Leakage of intracellular compounds was evaluated immediately after ethanol addition in order to evaluate the instantaneous effect of ethanol shock and also after 5 min of incubation with ethanol. In O. oeni cells exposed for 5 min to increasing concentrations of ethanol, the loss of compounds absorbing at 260 nm was stimulated only by concentrations of ethanol over 8% (vol/vol) (Fig. 2a). For these concentrations, the extracellular amount of compounds absorbing at 260 nm was clearly correlated with increasing ethanol concentrations. At 16% (vol/vol) ethanol, an immediate loss of compounds absorbing at 260 nm was observed, pointing to an instantaneous disorder of the membrane (Fig. 2a). Figure 2b shows the effect of the adaptation on the ethanol-induced membrane disordering, since leakage of compounds was much lower in cells grown in the presence of 8% (vol/vol) ethanol. Comparison of Fig. 2a and 2b shows that the extracellular concentrations of compounds absorbing at 260 nm released from adapted cells after 5 min of incubation with ethanol were on the same order as the values monitored immediately after ethanol addition in nonadapted cells.
Accumulation of cF.
Cells grown with and without ethanol were incubated in the presence of cFDA, and the accumulation of cF was followed over time. In the flow cytometry analysis of O. oeni cells, the labeled population gave a peak in the green fluorescence histogram, which was resolved from the signal of nonlabeled cells. cFDA was efficiently taken up and hydrolyzed by O. oeni. Nearly all O. oeni cells of a nonadapted cell suspension were labeled with cF within a few minutes of incubation with cFDA, while the cells grown in the presence of 8% (vol/vol) ethanol took much longer to become fluorescent (Fig. 3). Analysis of cF staining of ethanol-grown cells after 15 min resulted in overlapping peaks of labeled and nonlabeled cells. Only after 60 min of incubation with cFDA did the labeled population give a peak in the flow cytometry histogram distinct from the nonlabeled cells (Fig. 3b). This indicates that cFDA uptake is reduced, presumably because it is less soluble in the cytoplasmic membrane of ethanol-adapted cells, since cells grown both with and without ethanol had similar esterase activity, 0.067 and 0.066 μmol of cF/min/mg of protein, respectively.

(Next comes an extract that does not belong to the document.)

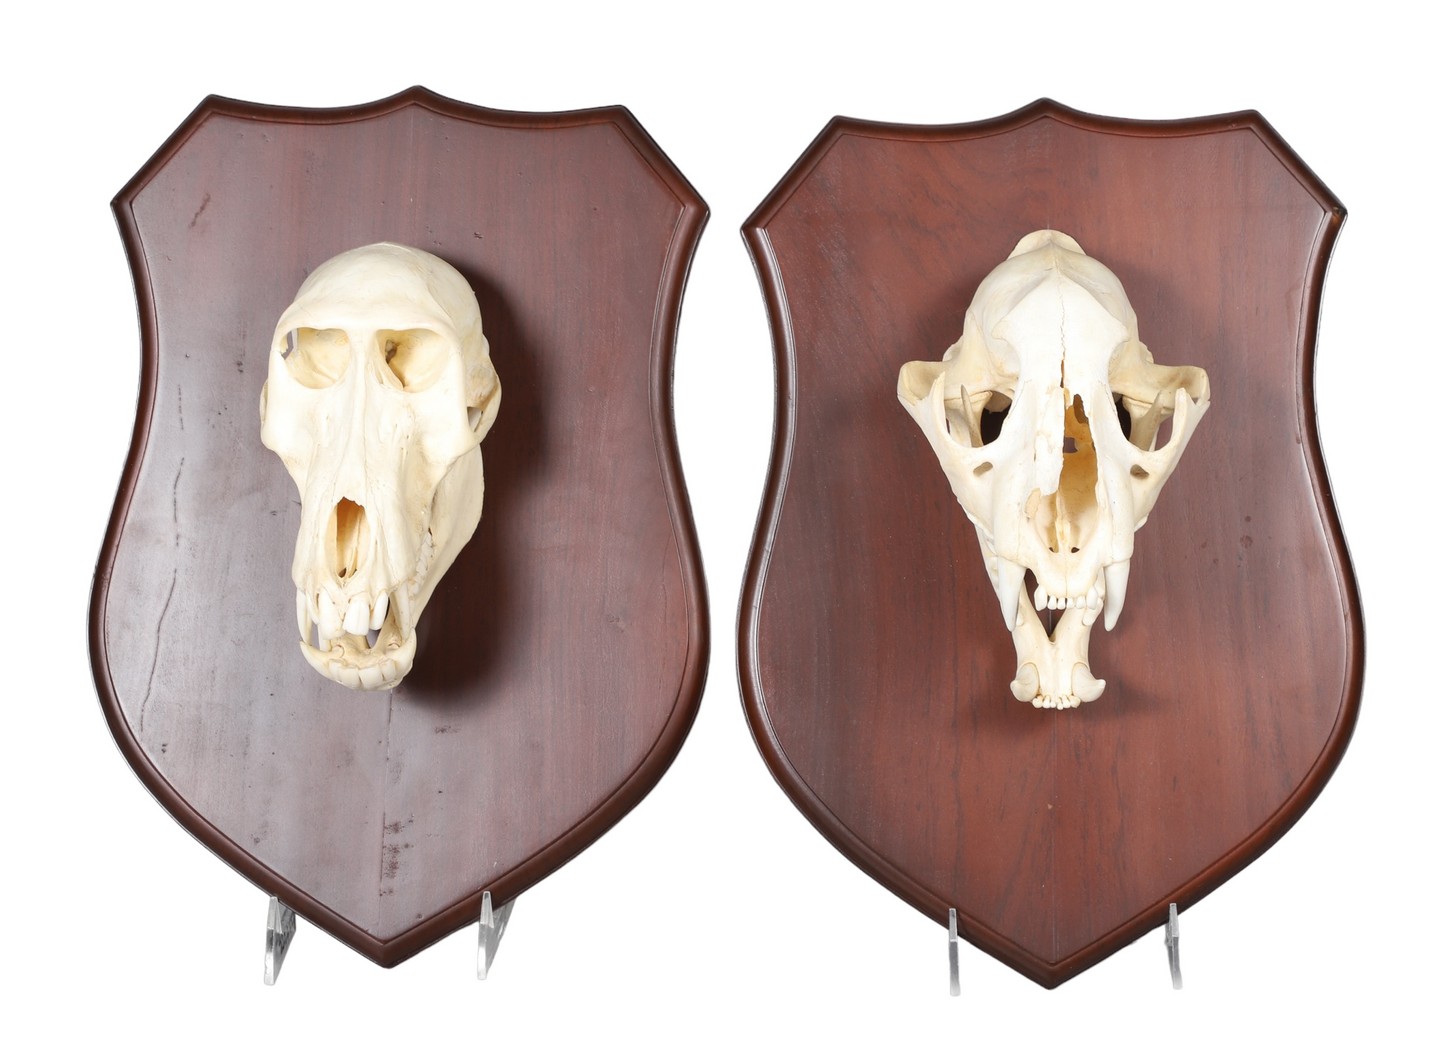  2 African monkey skull mounts  2e06cc
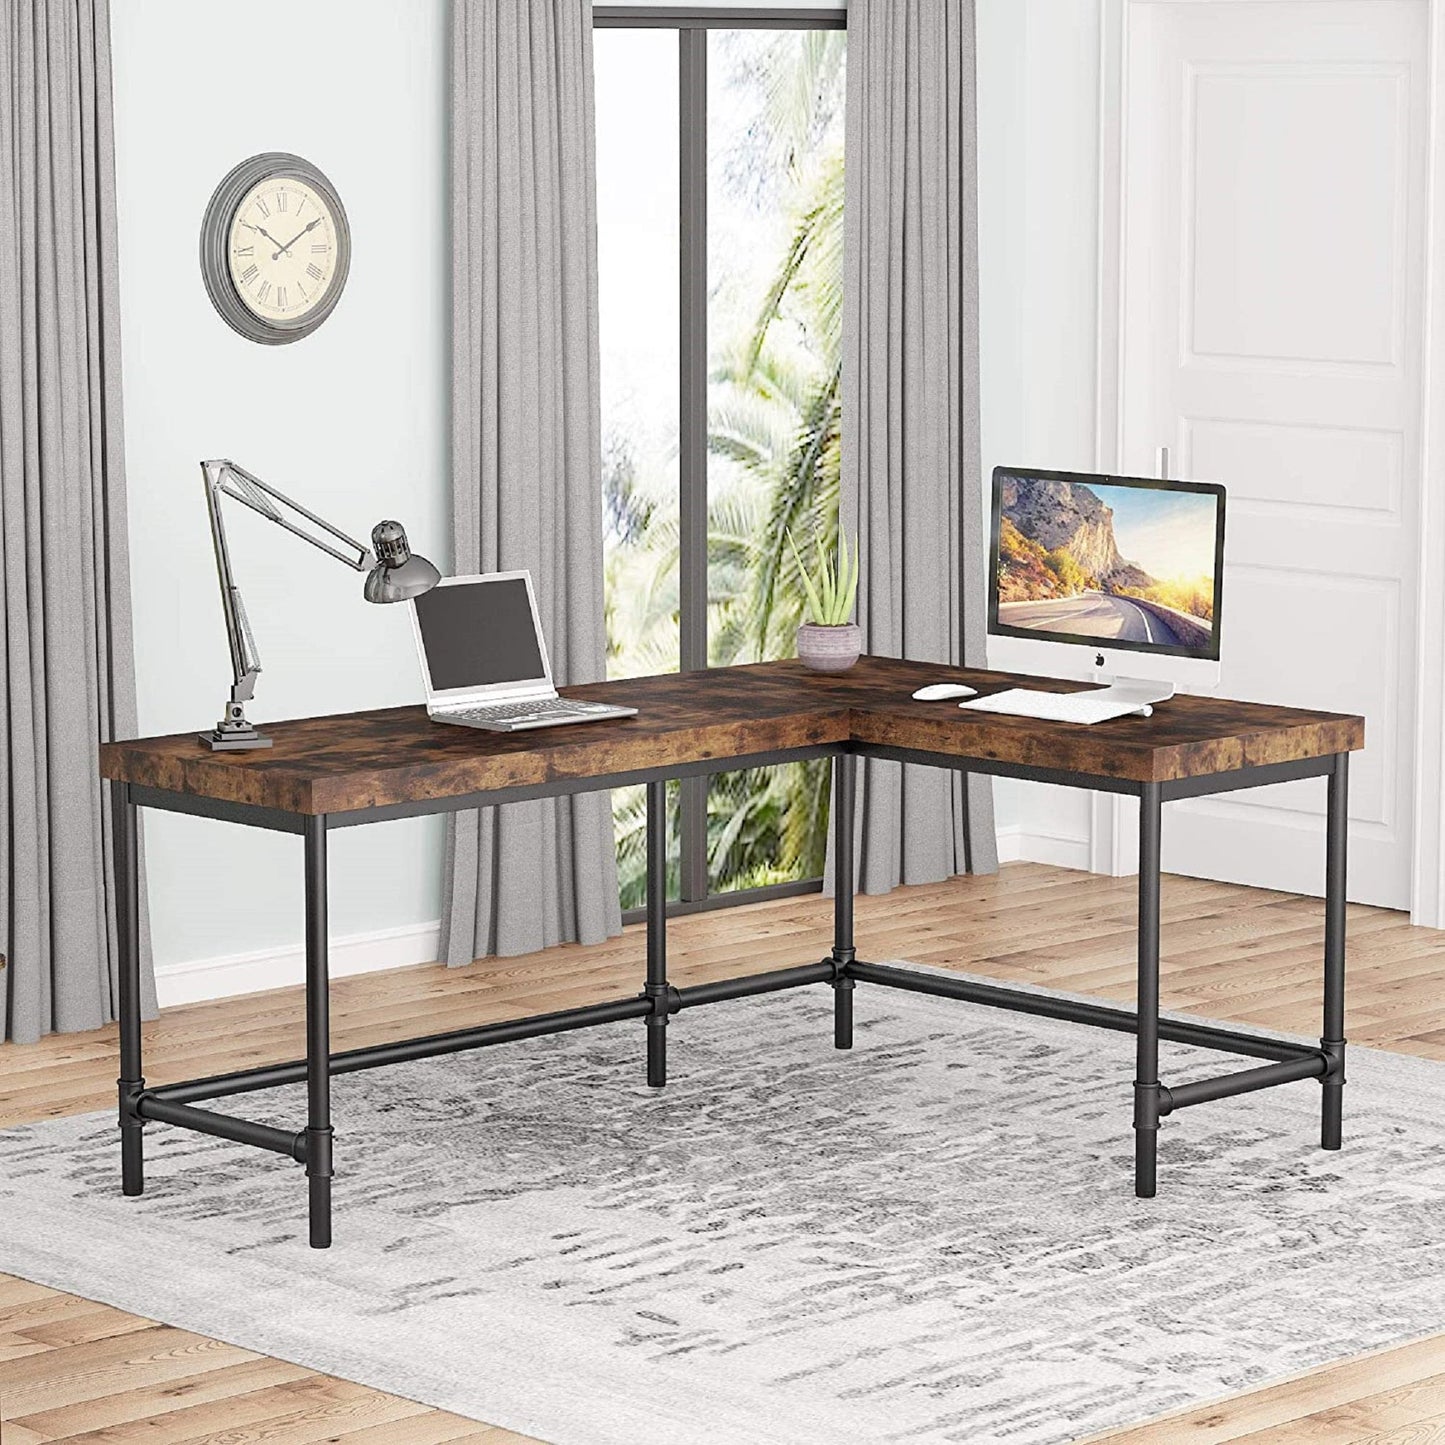 L-Shaped Desk, 67 inch Industrial Corner Computer Office Desk PC Laptop Study Table Workstation Modern Nordic

This implies a change in composition and/or organization of the cytoplasmic membranes of cells grown in the presence of ethanol.
Ethanol-induced cF leakage.
O. oeni cells retain cF when not energized and extrude the probe rapidly by an energy-dependent efflux system (data not shown). Deenergized cells of O. oeni were loaded with cF, and subsequently cF retention was studied in the presence of increasing concentrations of ethanol by spectrofluorimetrically measuring the amount of probe released in the supernatant of the cell suspension. In the absence of ethanol, a gradual release of cF into the supernatant was observed at a rate of 0.8% per min. In cells incubated with 8% and 12% (vol/vol) ethanol, the rates of cF efflux increased to approximately 1.7% and 2.6% per min, respectively. The permeabilization of cells with 16% ethanol resulted in rapid loss of cF, i.e., 50% in 5 min (Fig. 4a). O. oeni cells grown in the presence of 8% (vol/vol) ethanol were able to retain cF more efficiently (Fig. 4b), even in the absence of ethanol (rate, 0.4% per min). When these cells were exposed to 8% and 12% (vol/vol) ethanol, the rate values of cF efflux were approximately 1.2% and 1.7% per min, respectively. Notably, challenging preadapted cells with 16% (vol/vol) ethanol more than doubled the time needed to release 50% of accumulated cF (t1/2) compared to that in nonadapted cells (Fig. 4b).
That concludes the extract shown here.